Walt Disney Company and Pixar regarding future events and business performance as of the time the statements are made and they do not undertake any obligation to update these statements. Actual results may differ materially from those expressed or implied. Such differences may result from legal or regulatory proceedings or other factors that affect the timing or ability to complete the transactions contemplated herein, actions taken by either of the companies, including restructuring or strategic initiatives (including capital investments or asset acquisitions or dispositions), as well as from developments beyond the companies’ control, including: adverse weather conditions or natural disasters; health concerns; international, political or military developments; technological developments; and changes in domestic and global economic conditions, competitive conditions and consumer preferences. Such developments may affect assumptions regarding the operations of the businesses of The Walt Disney Company and Pixar separately or as combined entities including, among other things, the timing of the transaction, the performance of the companies’ theatrical and home entertainment releases, expenses of providing medical and pension benefits, and demand for products and performance of some or all company businesses either directly or through their impact on those who distribute our products. Additional factors that may affect results are set forth in the Annual Report on Form 10-K of The Walt Disney Company for the year ended October 1, 2005 under the heading “Item 1A—Risk Factors” and in the Quarterly Report on Form 10-Q of Pixar for the quarter ended October 1, 2005 under the heading “Risk Factors” section of Part I, Item 2.

 

For Additional Information:

 

This material is not a substitute for the prospectus/proxy statement Disney and Pixar will file with the Securities and Exchange Commission. Investors are urged to read the prospectus/proxy statement which will contain important information, including detailed risk factors, when it becomes available.

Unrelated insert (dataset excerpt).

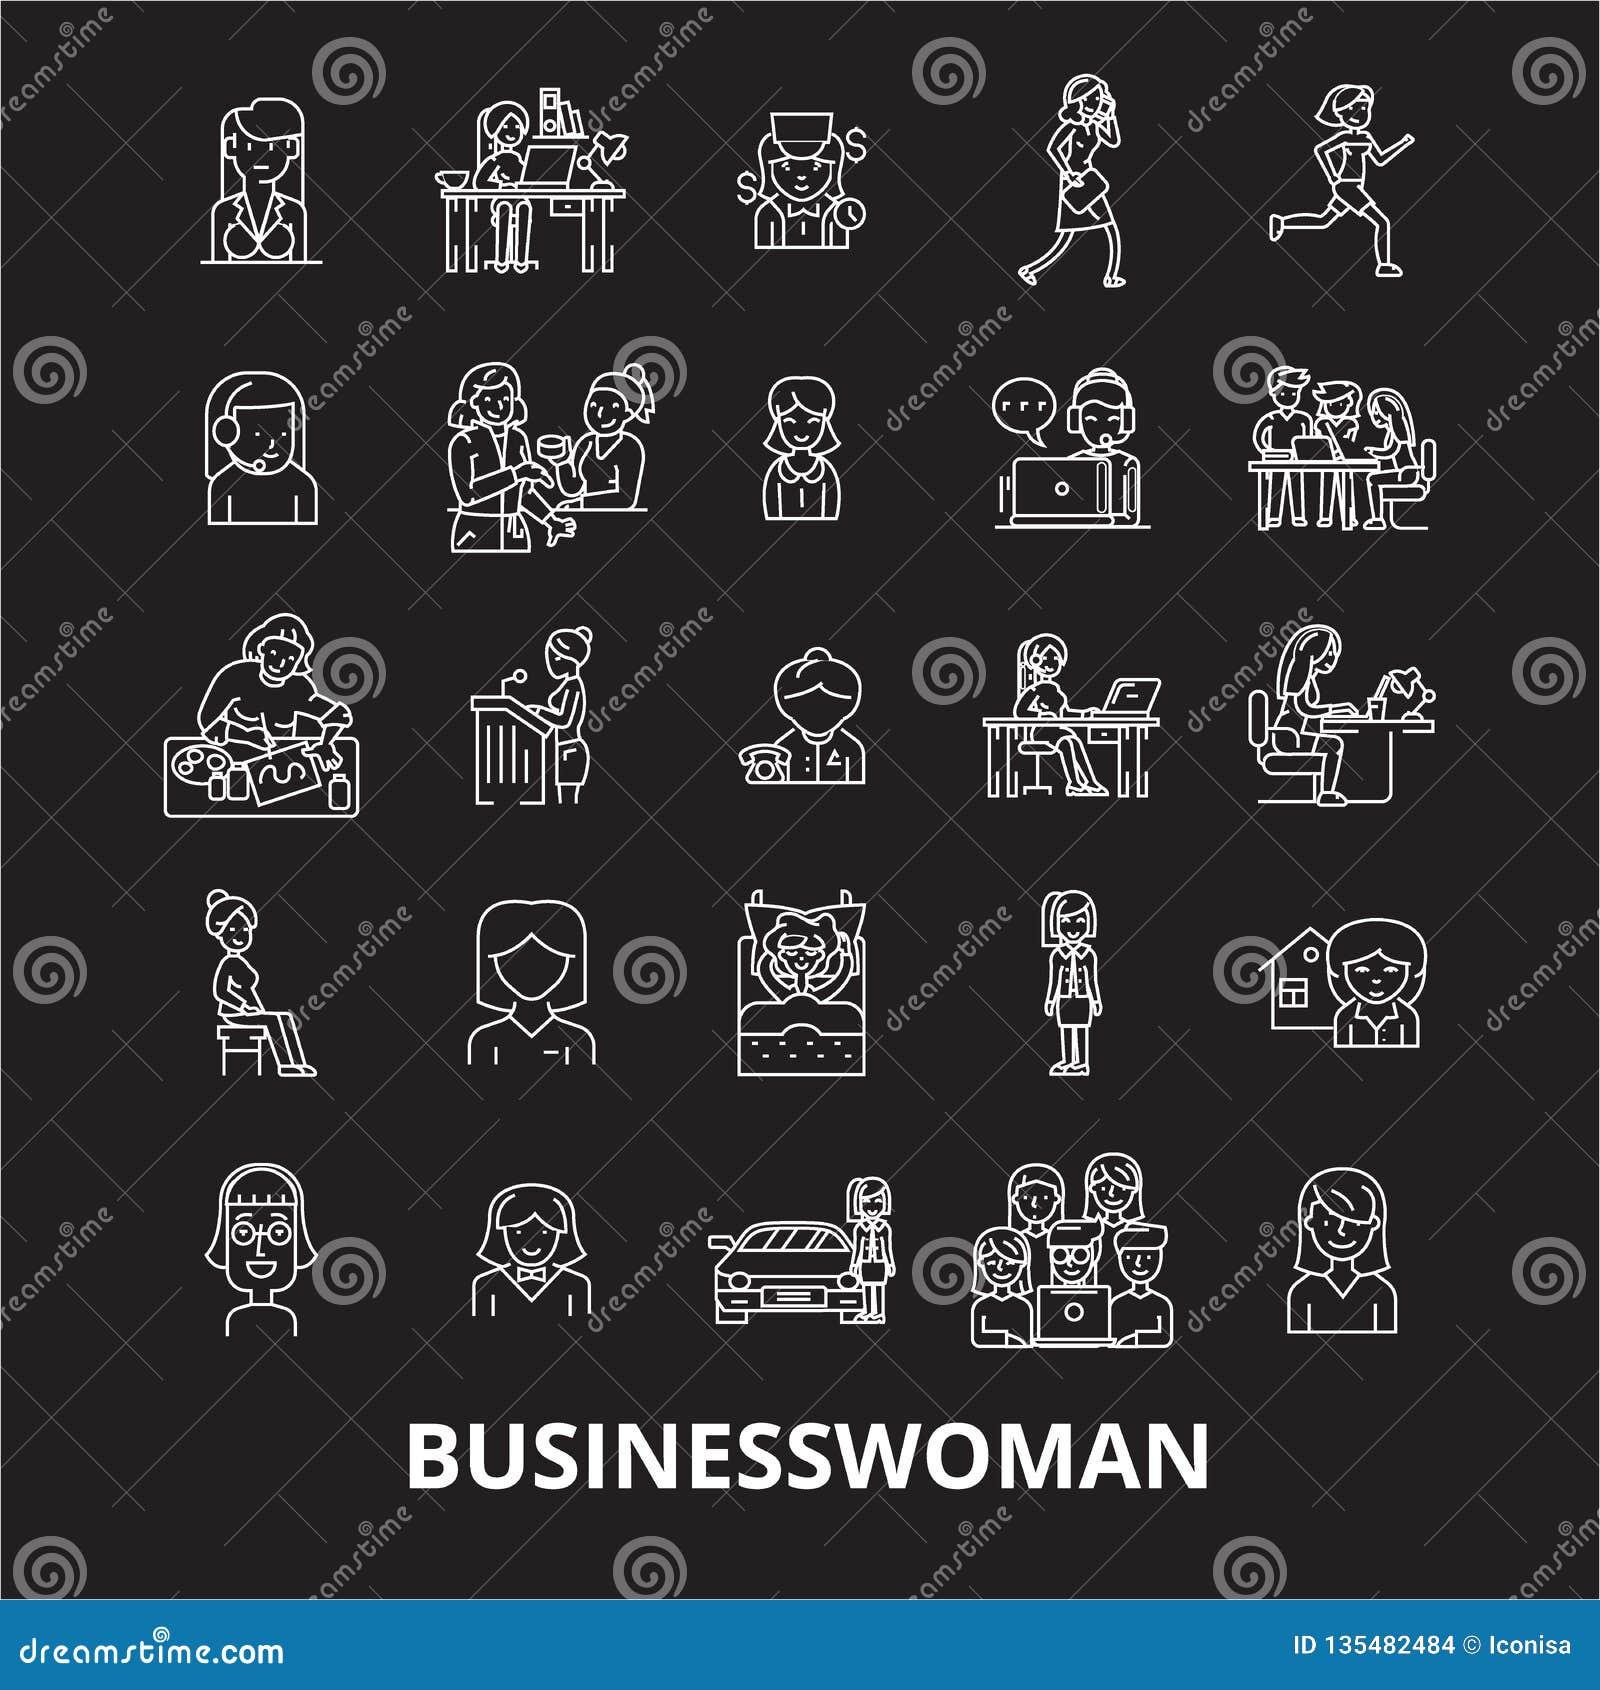 Biznesowej kobiety ikon editable kreskowy wektorowy ustawiający na czarnym tle Biznesowej kobiety konturu białe ilustracje, znaki
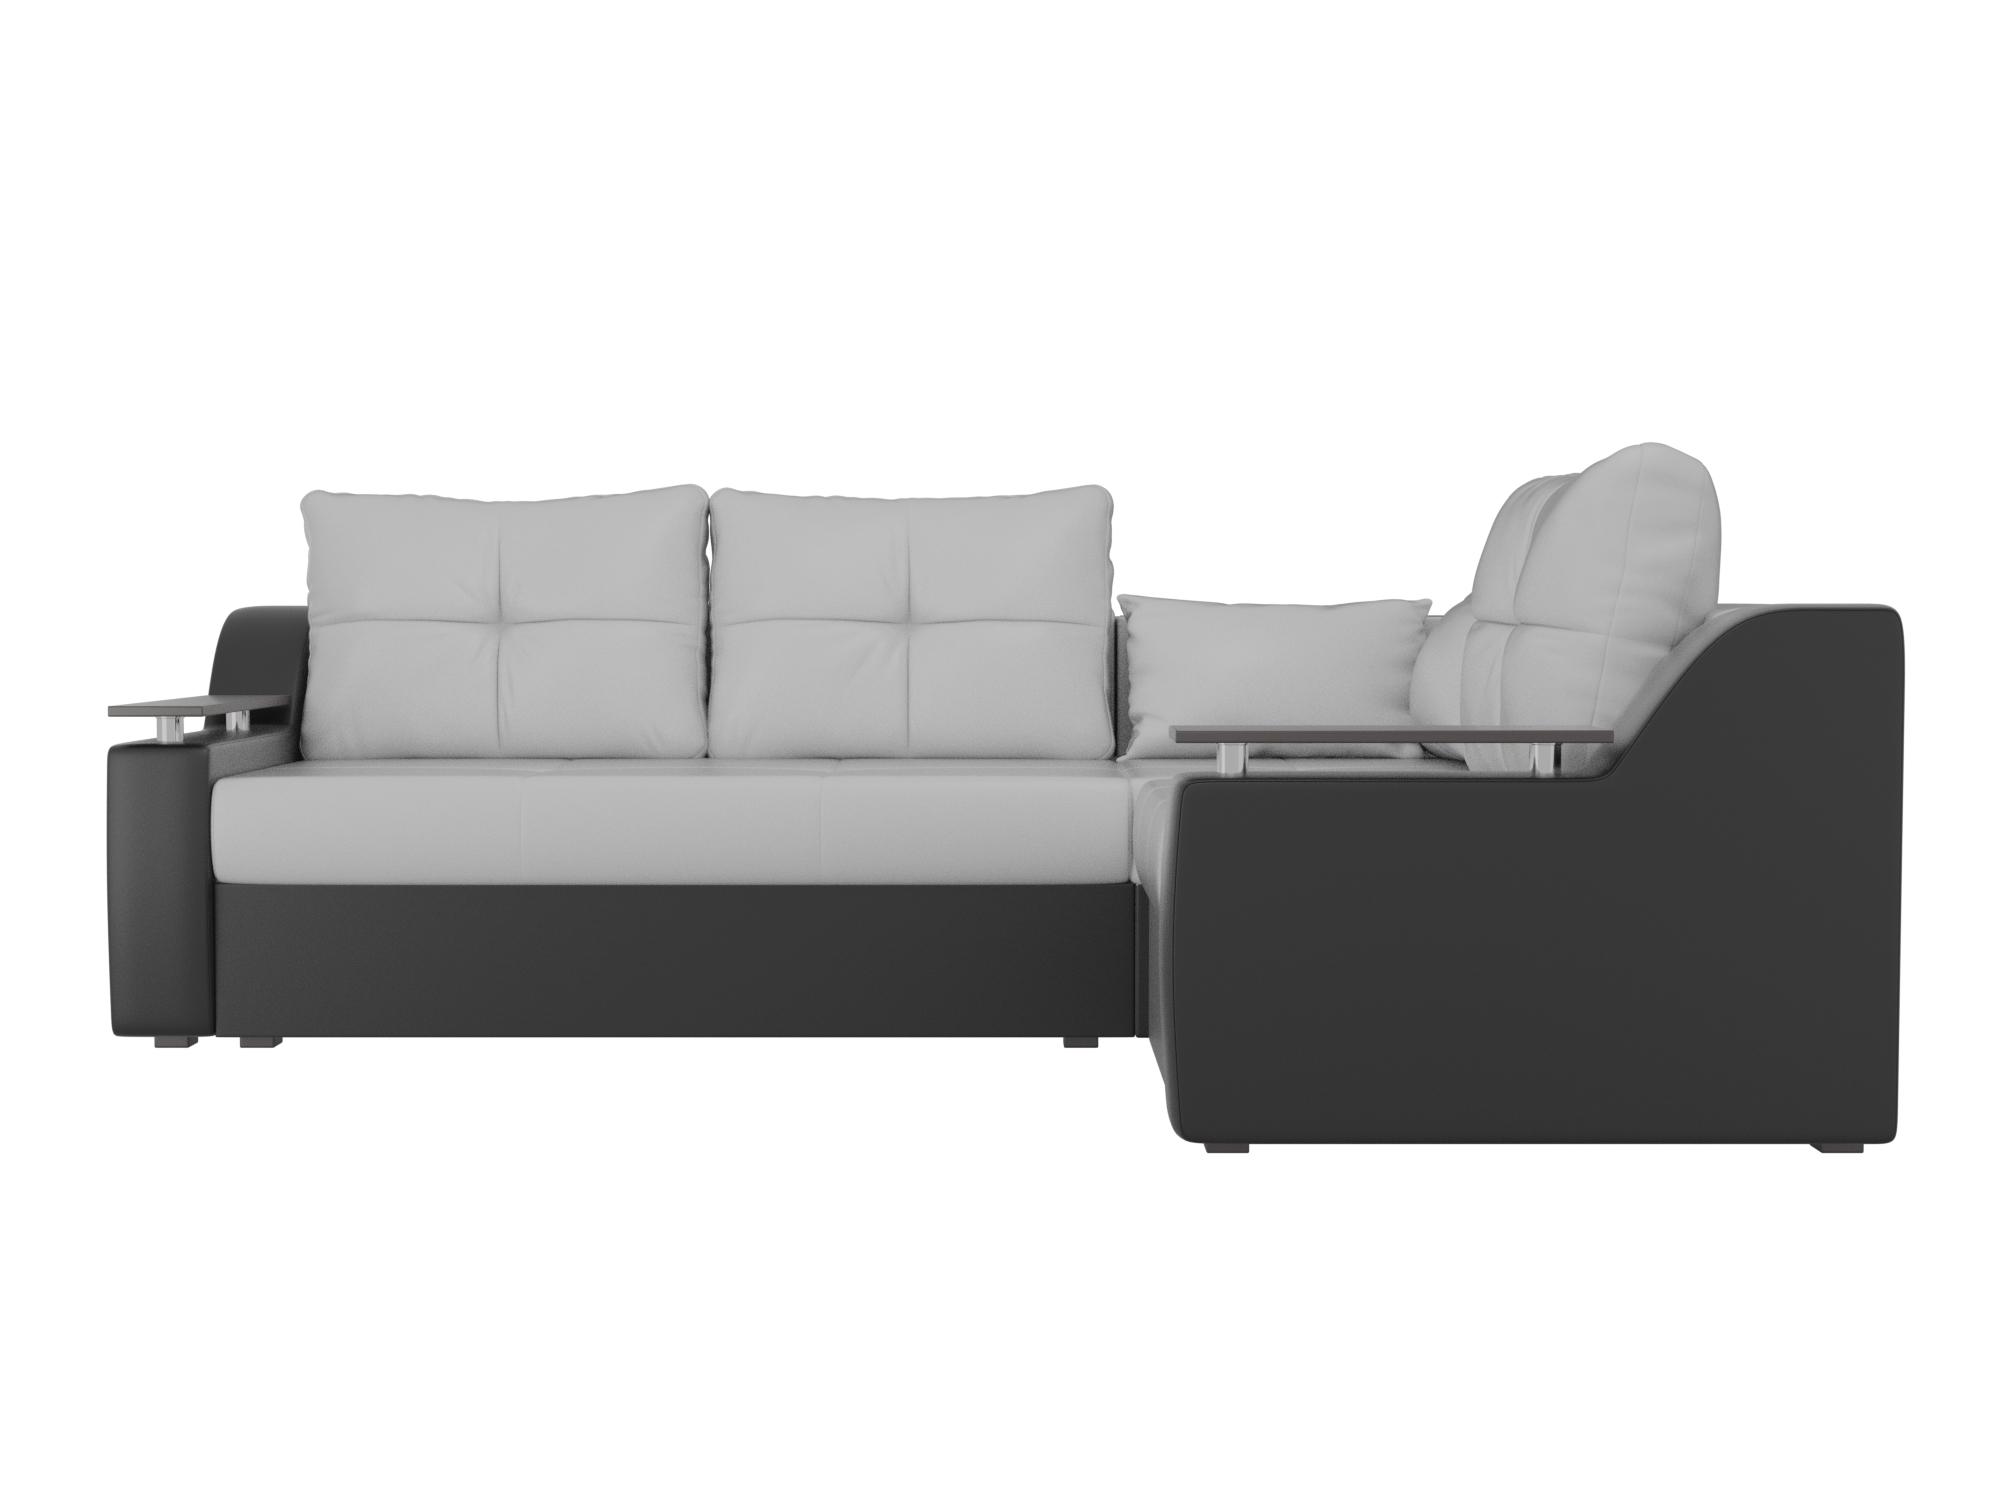 Угловой диван Кронос Правый MebelVia Белый, Черный, Экокожа, ЛДСП Белый, Черный

The prospectus/proxy statement and other documents which will be filed by Disney and Pixar with the Securities and Exchange Commission will be available free of charge at the SEC’s website, www.sec.gov, or by directing a request when such a filing is made to The Walt Disney Company, 500 South Buena Vista Street, Burbank, CA 91521-9722, Attention: Shareholder Services or by directing a request when such a filing is made to Pixar, 1200 Park Avenue, Emeryville, CA 94608.

 

Pixar, its directors, and certain of its executive officers may be considered participants in the solicitation of proxies in connection with the proposed transactions. Information about the directors and executive officers of Pixar and their ownership of Pixar stock is set forth in the proxy statement for Pixar’s 2005 annual meeting of shareholders. Investors may obtain additional information regarding the interests of such participants by reading the prospectus/proxy statement when it becomes available.